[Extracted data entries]
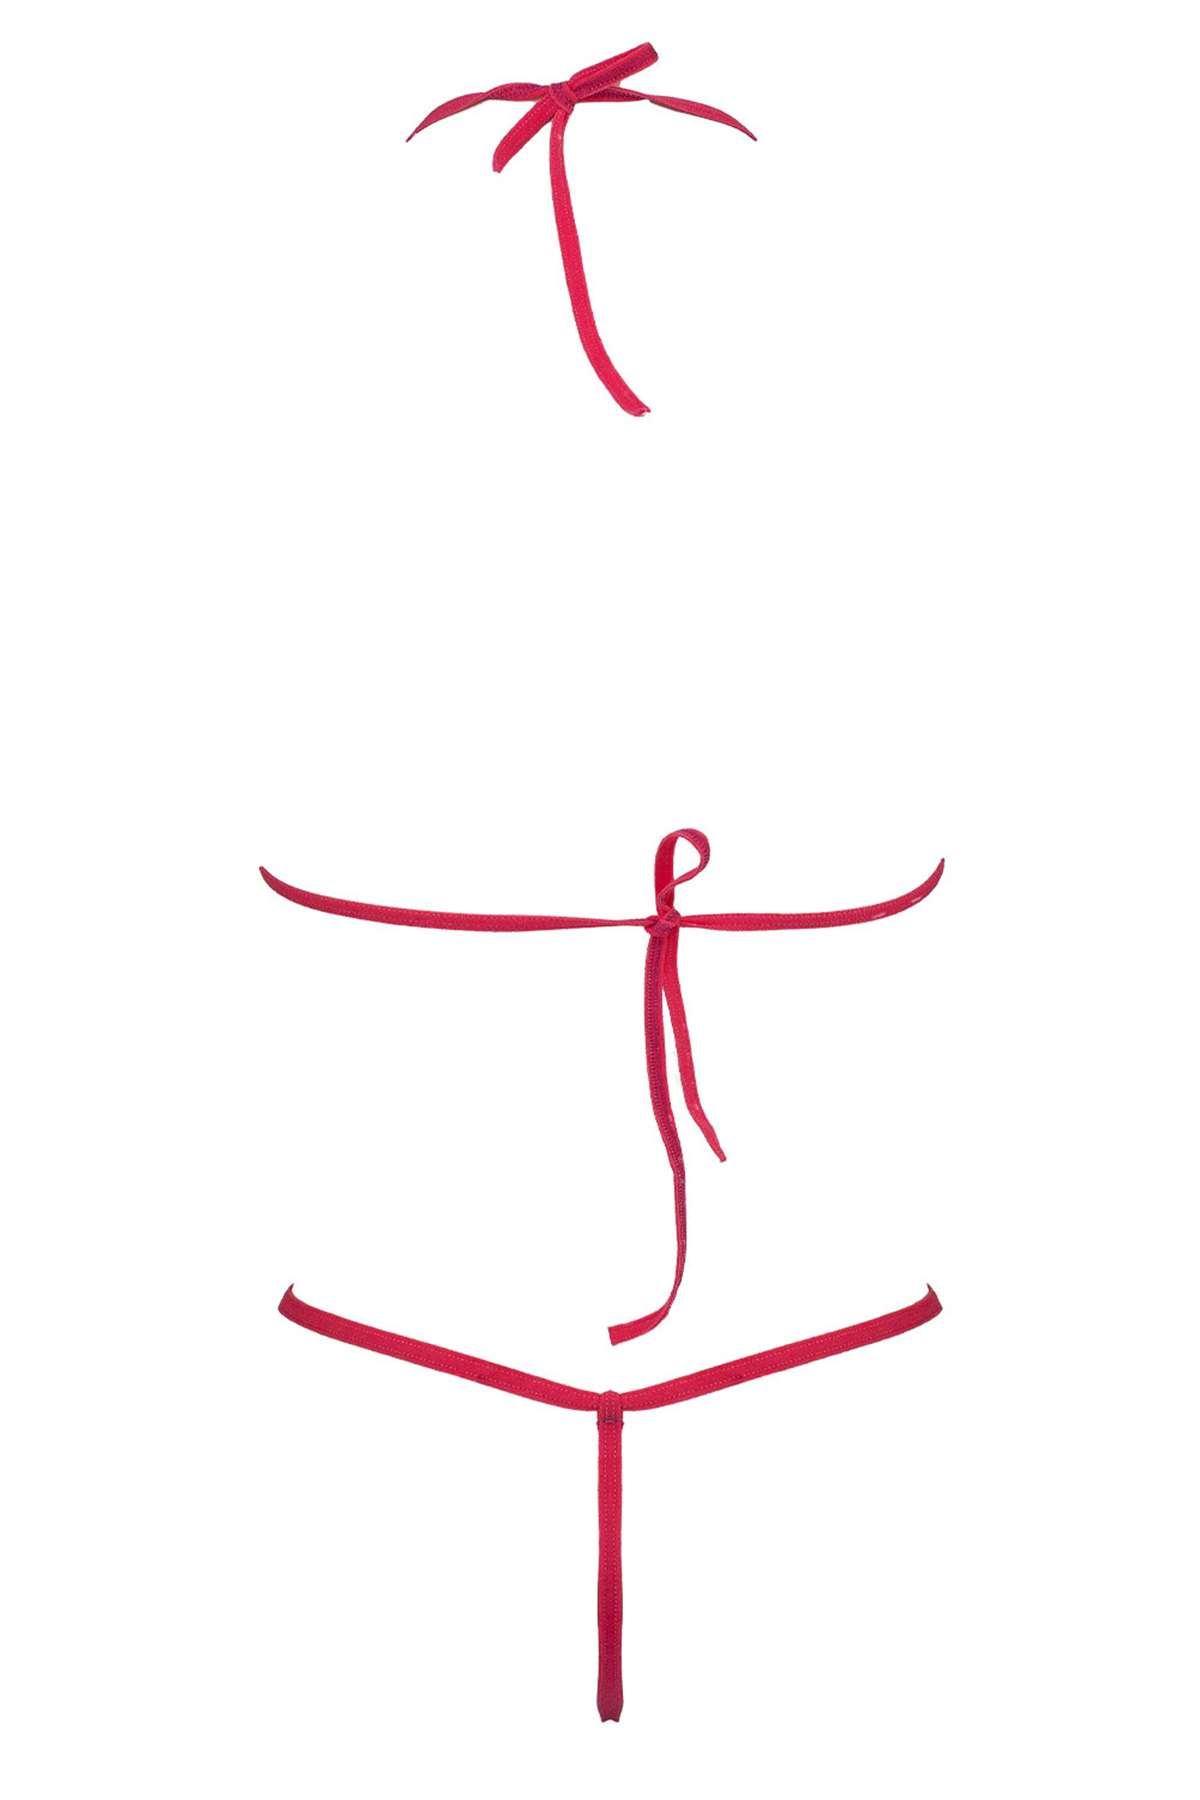 Dantel Sütyen Tanga Takım Fuşya - 1160.1364. Toptan
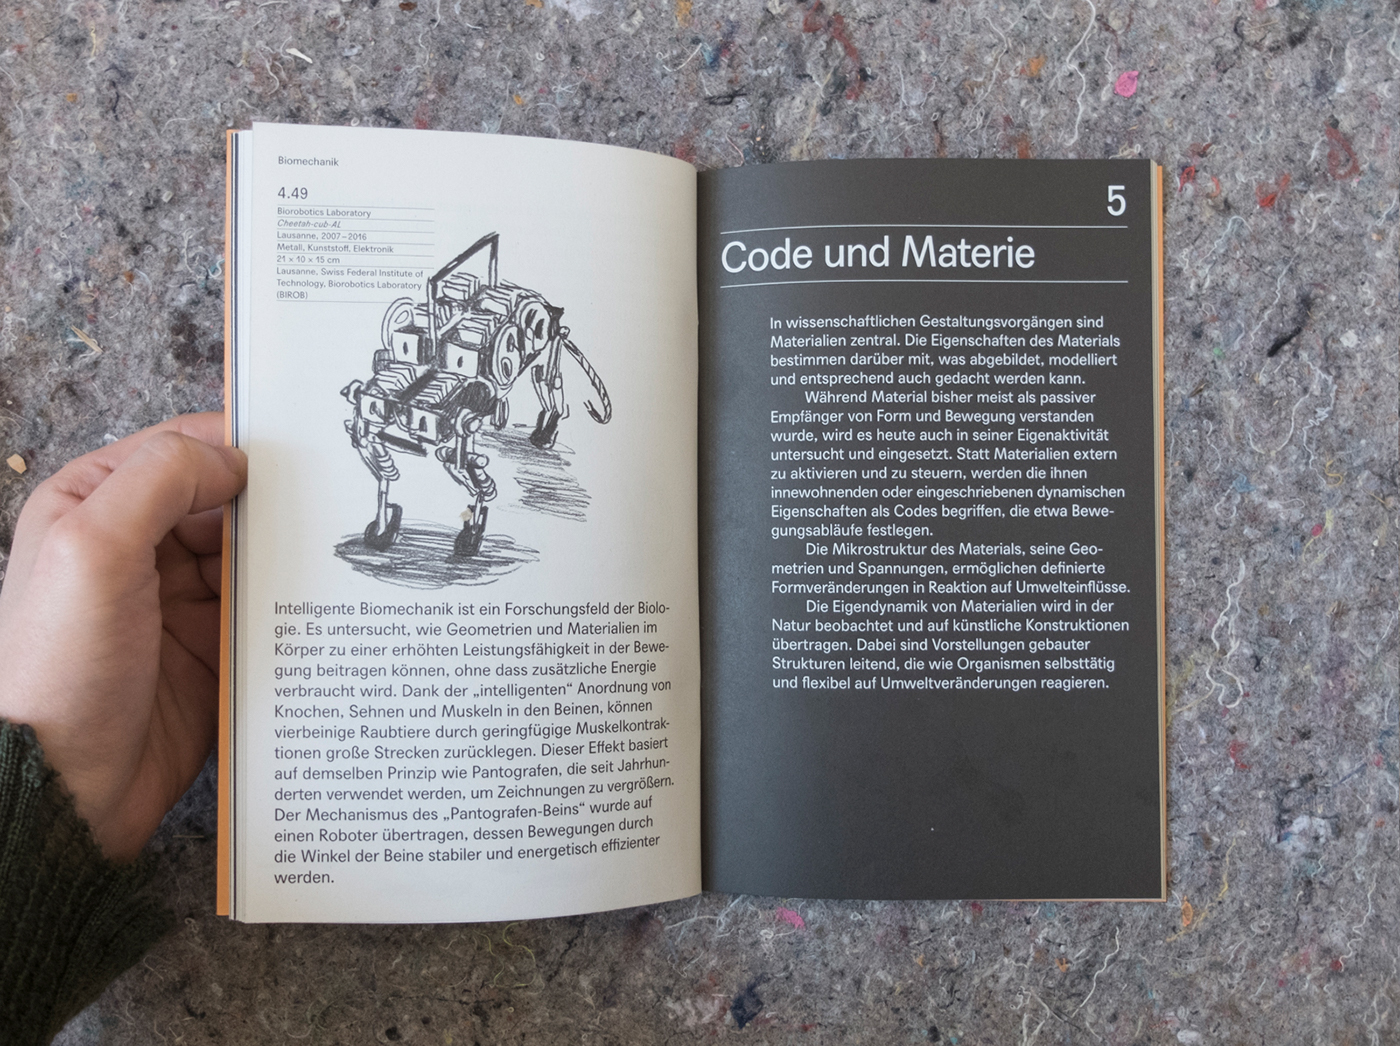 Exhibition  Guide drawings NODE Berlin Oslo Martin-Gropius-Bau art future Technology ILLUSTRATION
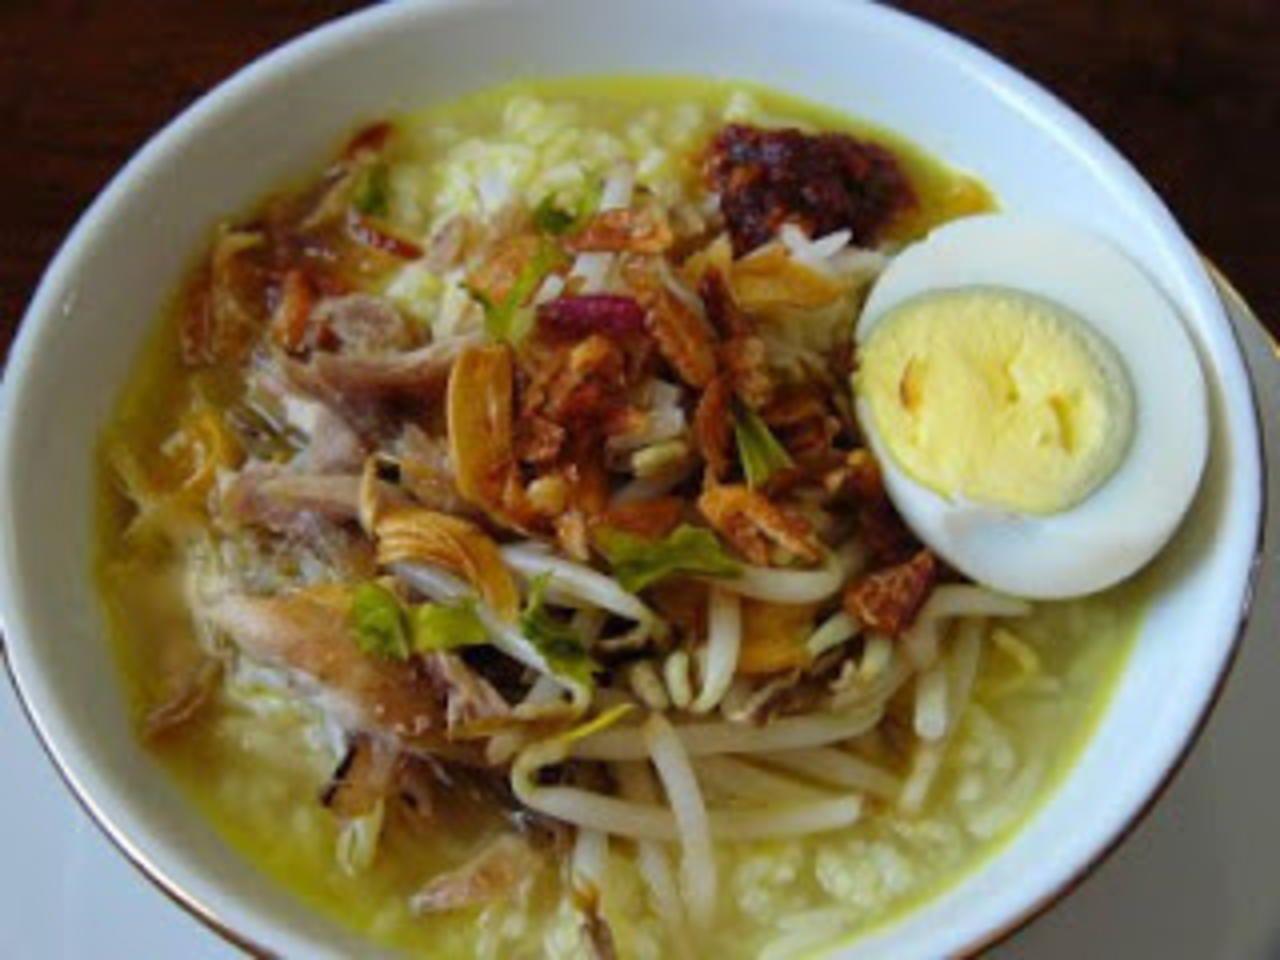 Resep Soto Lamongan Daging Ayam Sederhana Oleh Resepjuna Blogspot Com C Resep Resep Resep Masakan Resep Masakan Indonesia
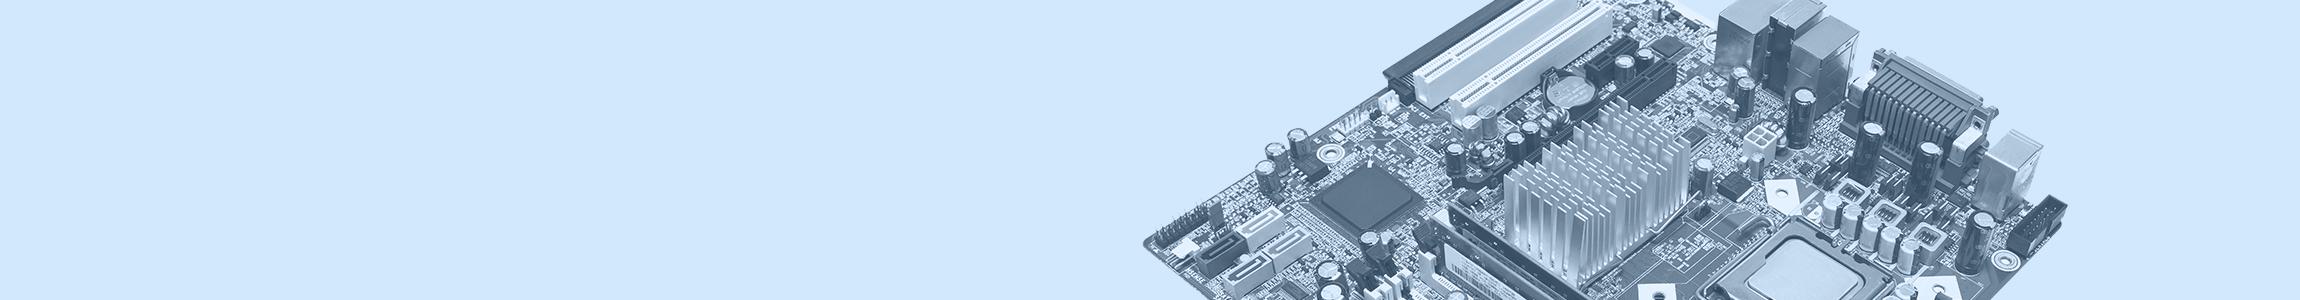 Computer Repair Service Software
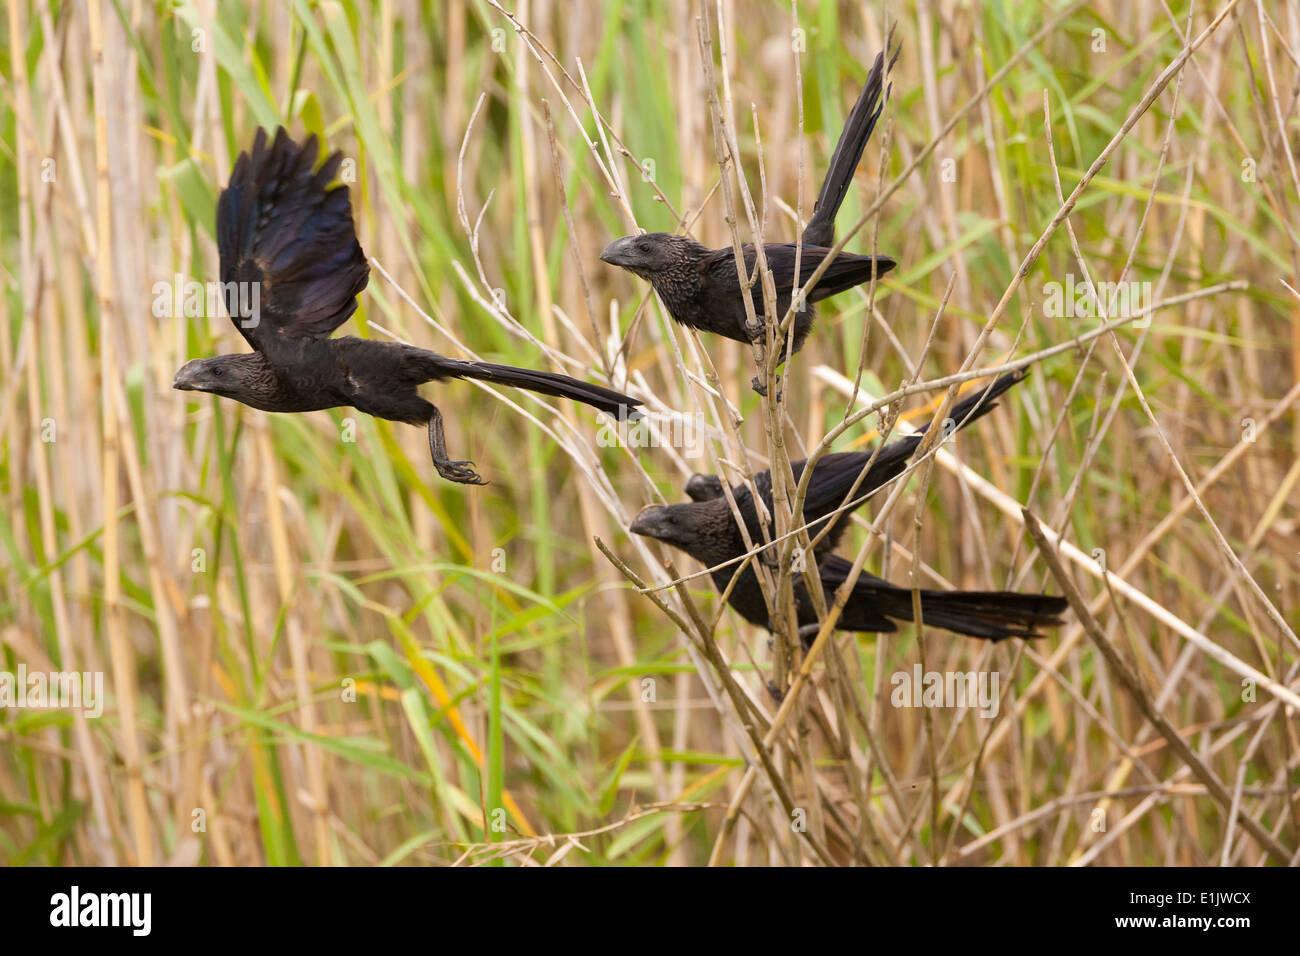 Smooth-billed Ani, Crotophaga ani, at the lakeside of Lago Gatun, Republic of Panama. - Stock Image
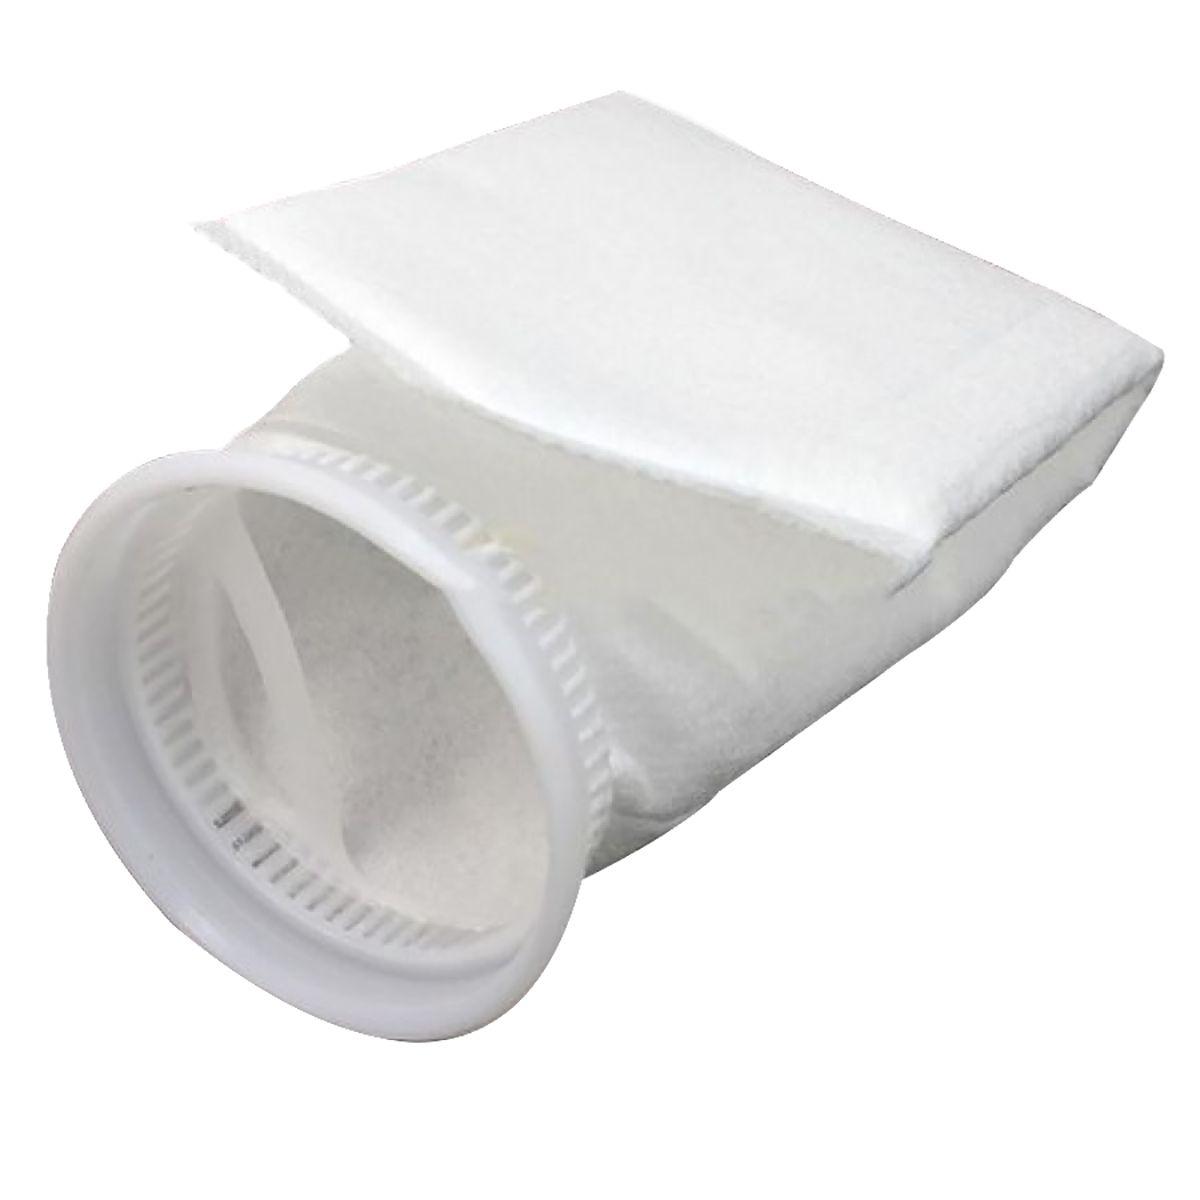 SOMA SHARK BAG 200 Micras - Aro Plástico (18 x 30cm) ECONOMY

[Task directions]
An exact transcription is needed, covering the line with "Computer Repair Service Software" and every line after it to the end of the entries, but not the pictures.

[Answer box]
 Computer Repair Service Software
 Smooth-billed Ani, Crotophaga ani, at the lakeside of Lago Gatun, Republic of Panama. - Stock Image
 SOMA SHARK BAG 200 Micras - Aro Plástico (18 x 30cm) ECONOMY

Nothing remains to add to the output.